Страница 5 из 11
– Вот и Том, – весело вскричала миссис Димсдэл.
– Здравствуйте, мама, – сказал молодой человек, целуя ее. – Здравствуйте, папа. Здравствуйте, кузина Кэт. Вы должны посмотреть на нас и пожелать нам удачи. Что вы думаете о нашем матче, папа?
– Я думаю, что ты негодный изменник, играющий против своей родины, – сказал доктор.
– Что вы, папа! Я родился в Шотландии и притом я член Шотландского клуба. Этого вполне достаточно.
– Во всяком случае, я надеюсь, что вы проиграете.
Дороги, ведущие на Рэборнскую луговину, где должно было состояться состязание, были черны от многотысячных толп. Эта движущаяся масса народа была так густа, что лошадь экипажа Димсдэлов принуждена была идти шагом; кучер яростно ругался: как истый патриот, он сознавал, что на нем лежит большая ответственность, ибо он везет одного из игроков шотландской партии и должен вовремя доставить его к месту состязания. Доктору и девушке сообщилось волнение окружающей толпы.
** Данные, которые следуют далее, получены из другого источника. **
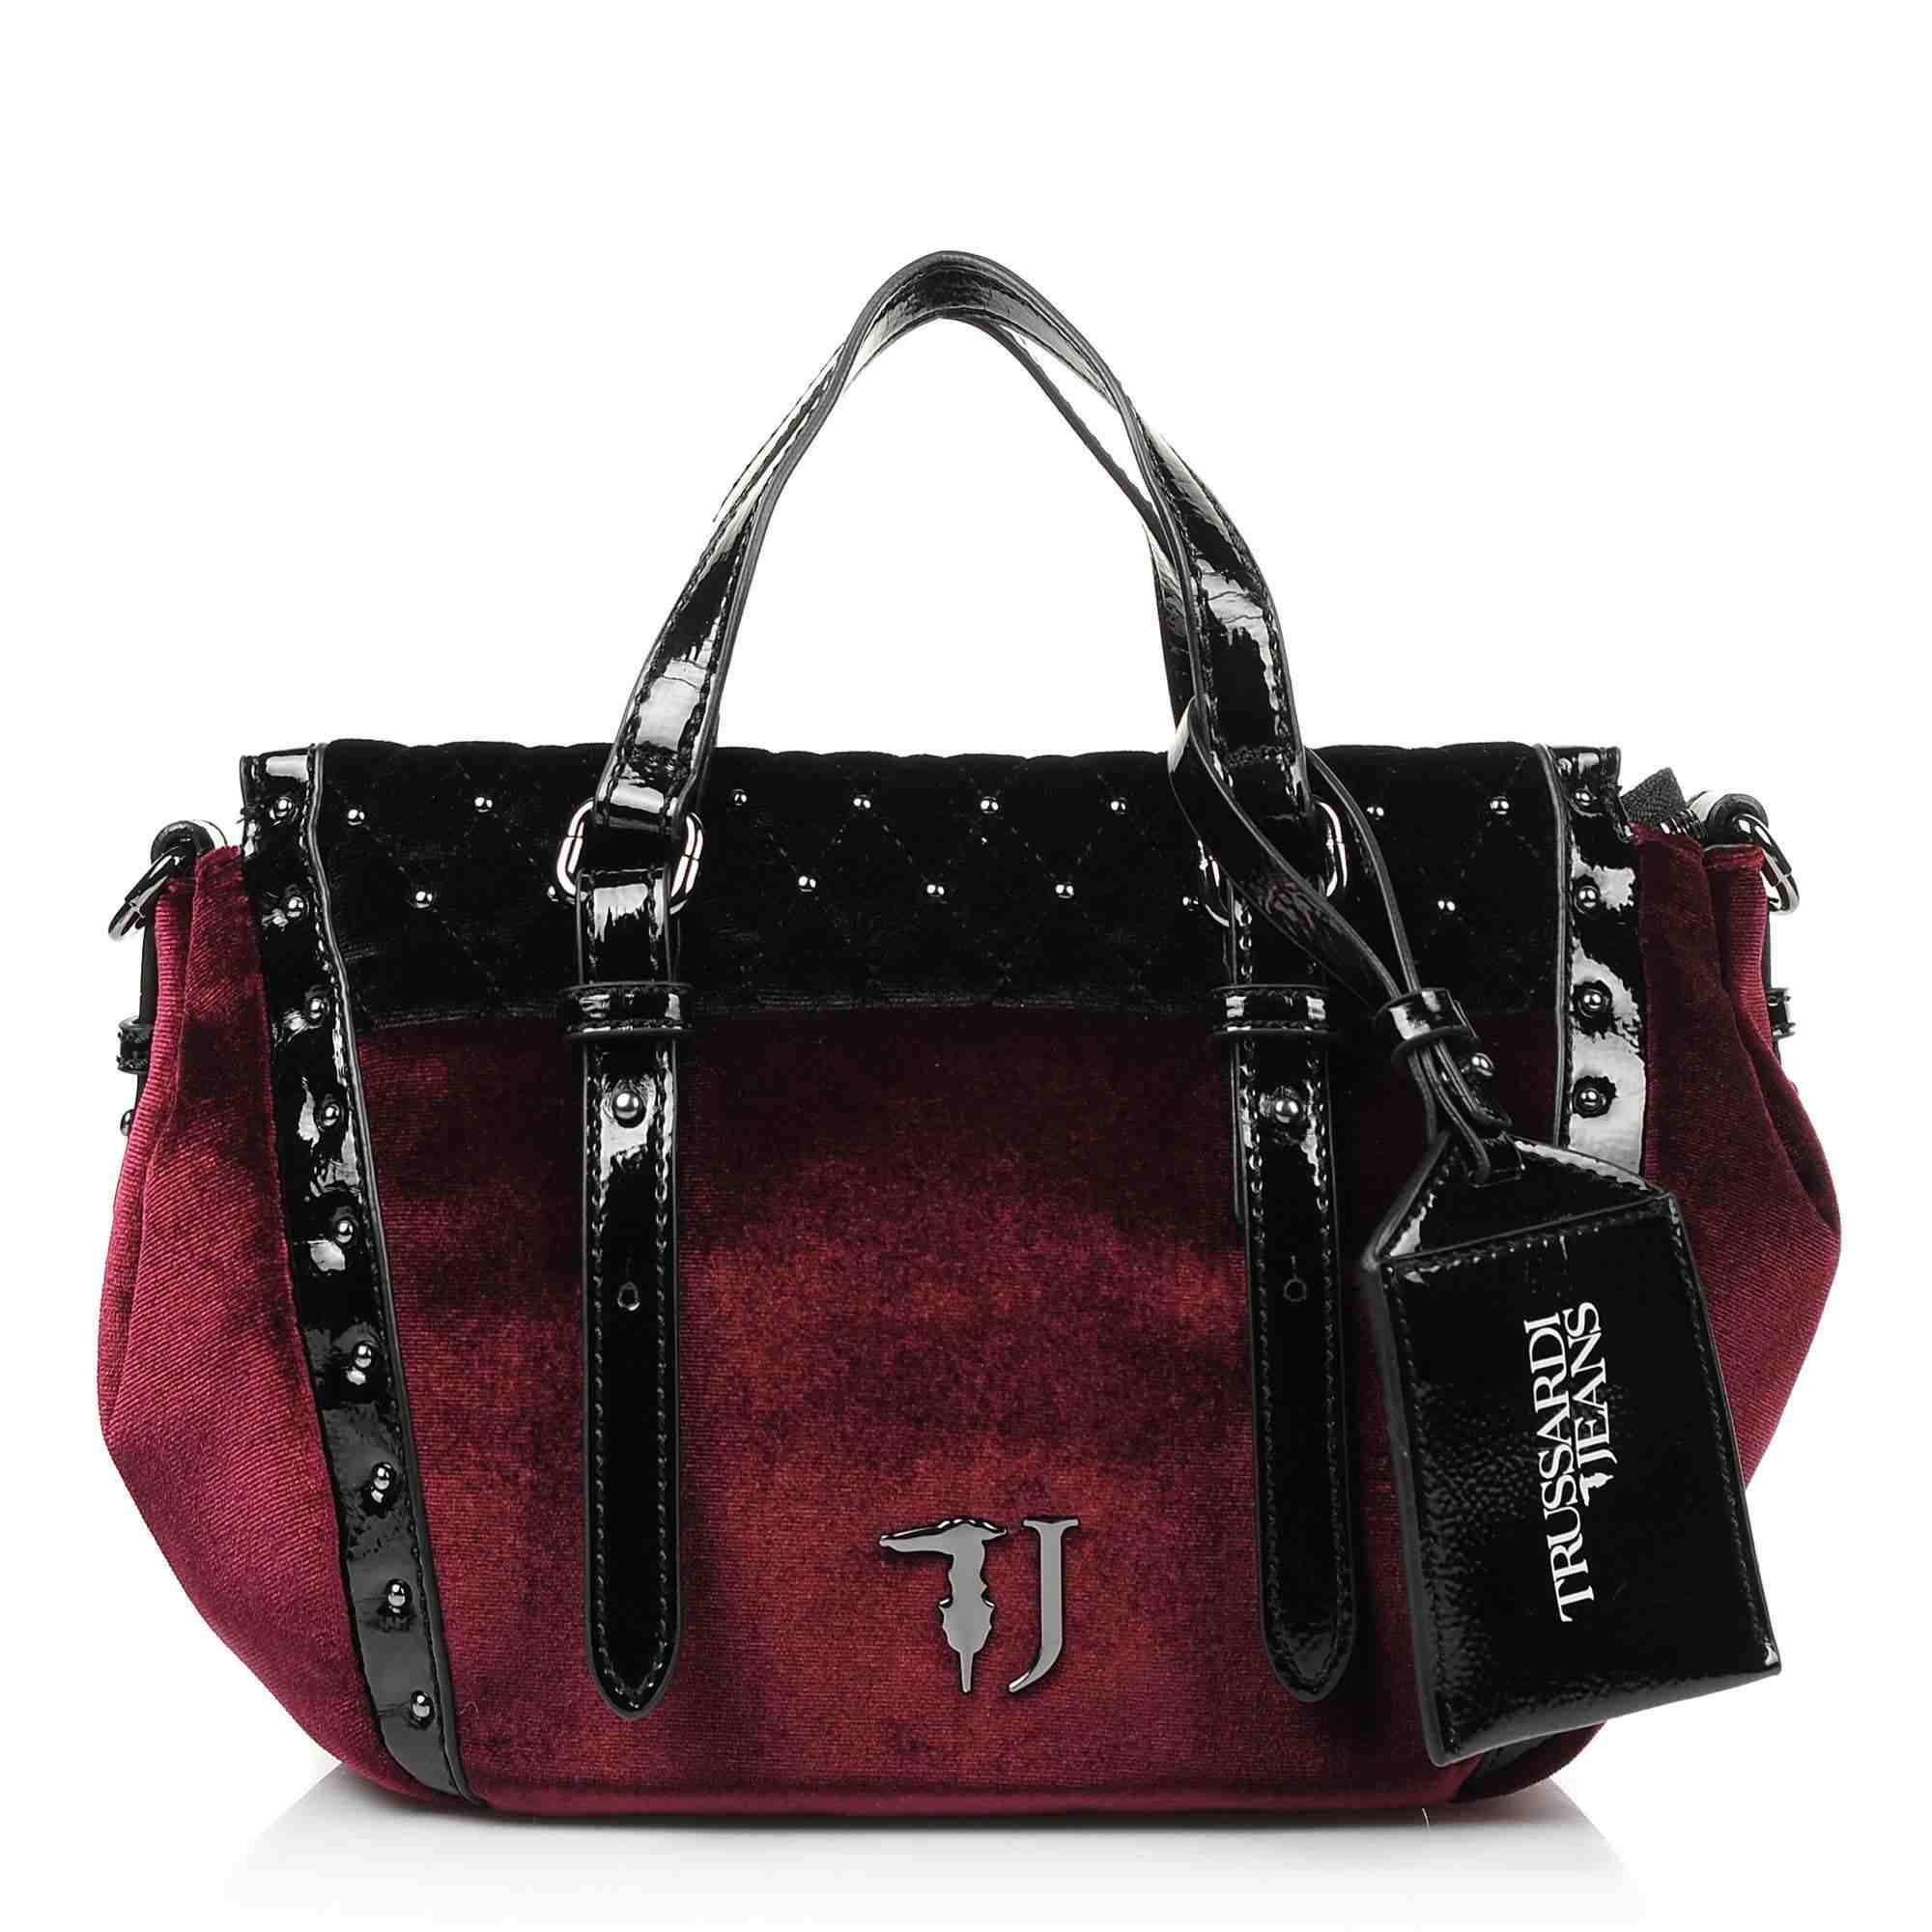 Tote Τσάντα Trussardi Jeans Portulaca Shoulder Bag Velvet 75B00538

Наконец, экипаж въехал через широкие ворота на обширную, заросшую травою луговину и приблизился к целой веренице наемных экипажей. Том схватил свой мешок и побежал в павильон переодеваться.
Раздался оглушительный рев: толпа приветствовала партию англичан, вышедшую на середину площадки.
Вот они, в белых трусиках, в белых шерстяных фуфайках. На груди у них вышиты красные розы. Да, они сумеют постоять за себя, – высокие, широкоплечие, прямые, как стрелы, проворные, как кошки, сильные, как молодые бычки. Это самые лучшие игроки лондонского университета и лондонских клубов. Между ними нет ни одного человека, имя которого не было бы известно повсюду, где только играют в футбол.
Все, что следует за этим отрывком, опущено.